Correlated electron states in high mobility two-dimensional electron systems (2DESs), including charge density waves and microemulsion phases intermediate between a Fermi liquid and Wigner crystal, are predicted to exhibit complex local charge order. Existing experimental studies, however, have mainly probed these systems at micron to millimeter scales rather than directly mapping spatial organization. Scanning probes should be well-suited to study the spatial structure of these states, but high mobility 2DESs are found at buried semiconductor interfaces, beyond the reach of conventional scanning tunneling microscopy. Scanning techniques based on electrostatic coupling to the 2DES deliver important insights, but generally with resolution limited by the depth of the 2DES. In this letter, we present our progress in developing a technique called “virtual scanning tunneling microscopy” that allows local tunneling into a high mobility 2DES. Using a specially designed bilayer GaAs/AlGaAs heterostructure where the tunnel coupling between two separate 2DESs is tunable via electrostatic gating, combined with a scanning gate, we show that the local tunneling can be controlled with sub-250 nm resolution.

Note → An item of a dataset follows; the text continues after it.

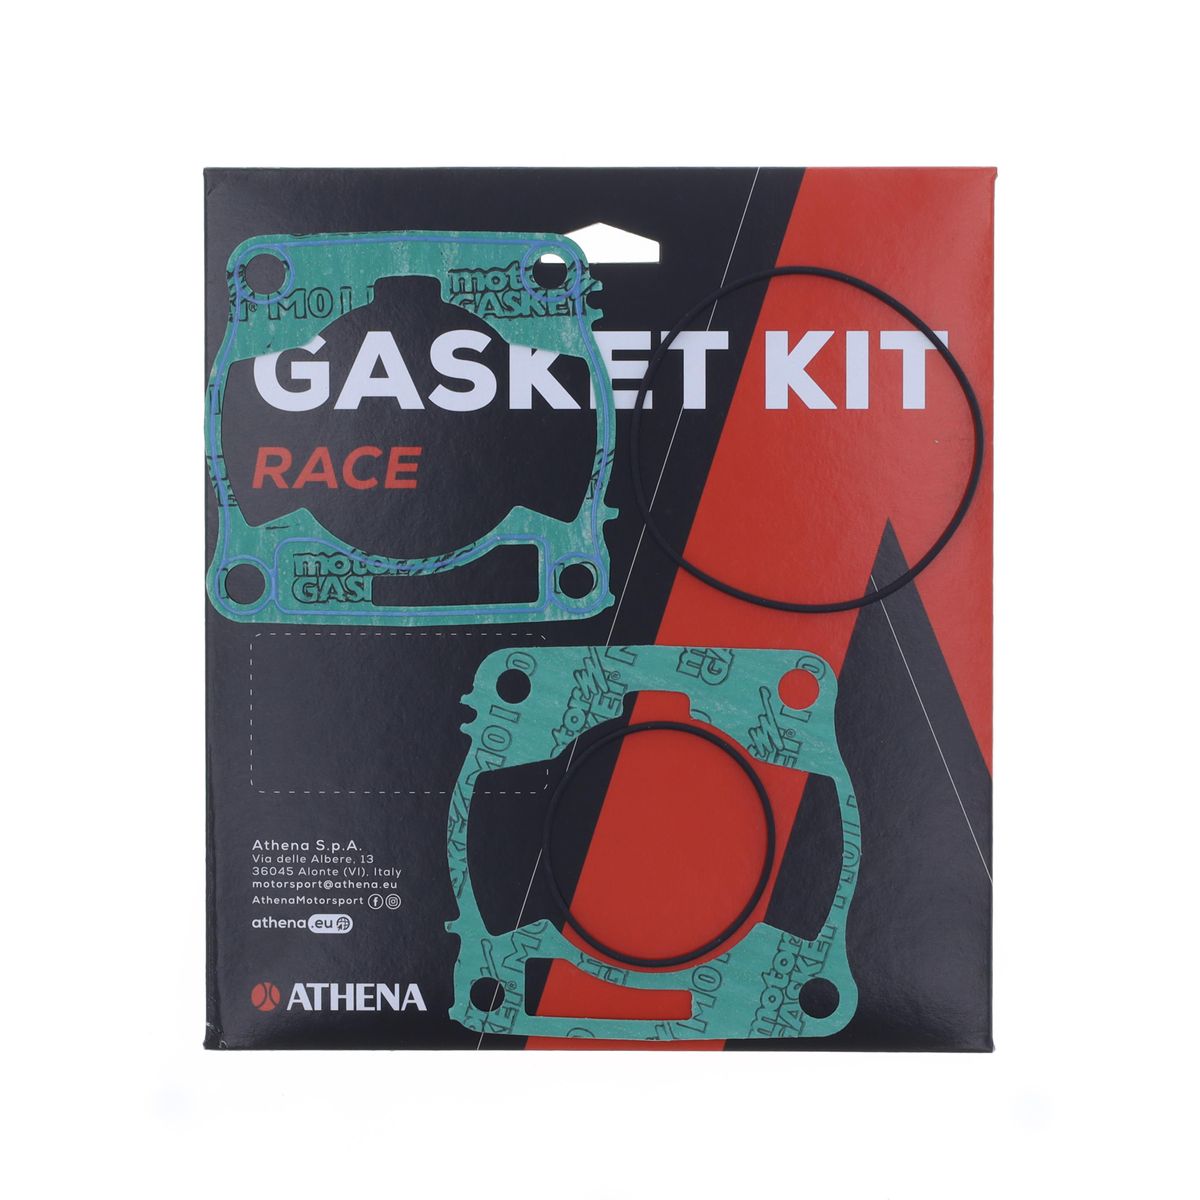 Obrázek produktu Race gasket kit ATHENA R4856-199

A local tunnel probe can complement traditional transport measurements for understanding mesoscopic systems.1–10 In many situations, where electron-electron interactions are important, non-trivial spatial ordering of the electrons is a predicted consequence that cannot be fully probed through transport.11 For example, quantum Hall stripes are predicted to form at half-integer filling factors due to a characteristic anisotropy in transport along different crystalline axes in GaAs.12 Anisotropic transport has been measured in this regime,13 likely because of the charge density wave (CDW) associated with these stripes. Scanning tunneling microscopy (STM) has been used extensively to study CDW behavior,14–16 especially in the context of high-temperature superconductivity, but the buried nature of high mobility two-dimensional electron systems (2DESs) precludes this type of measurement.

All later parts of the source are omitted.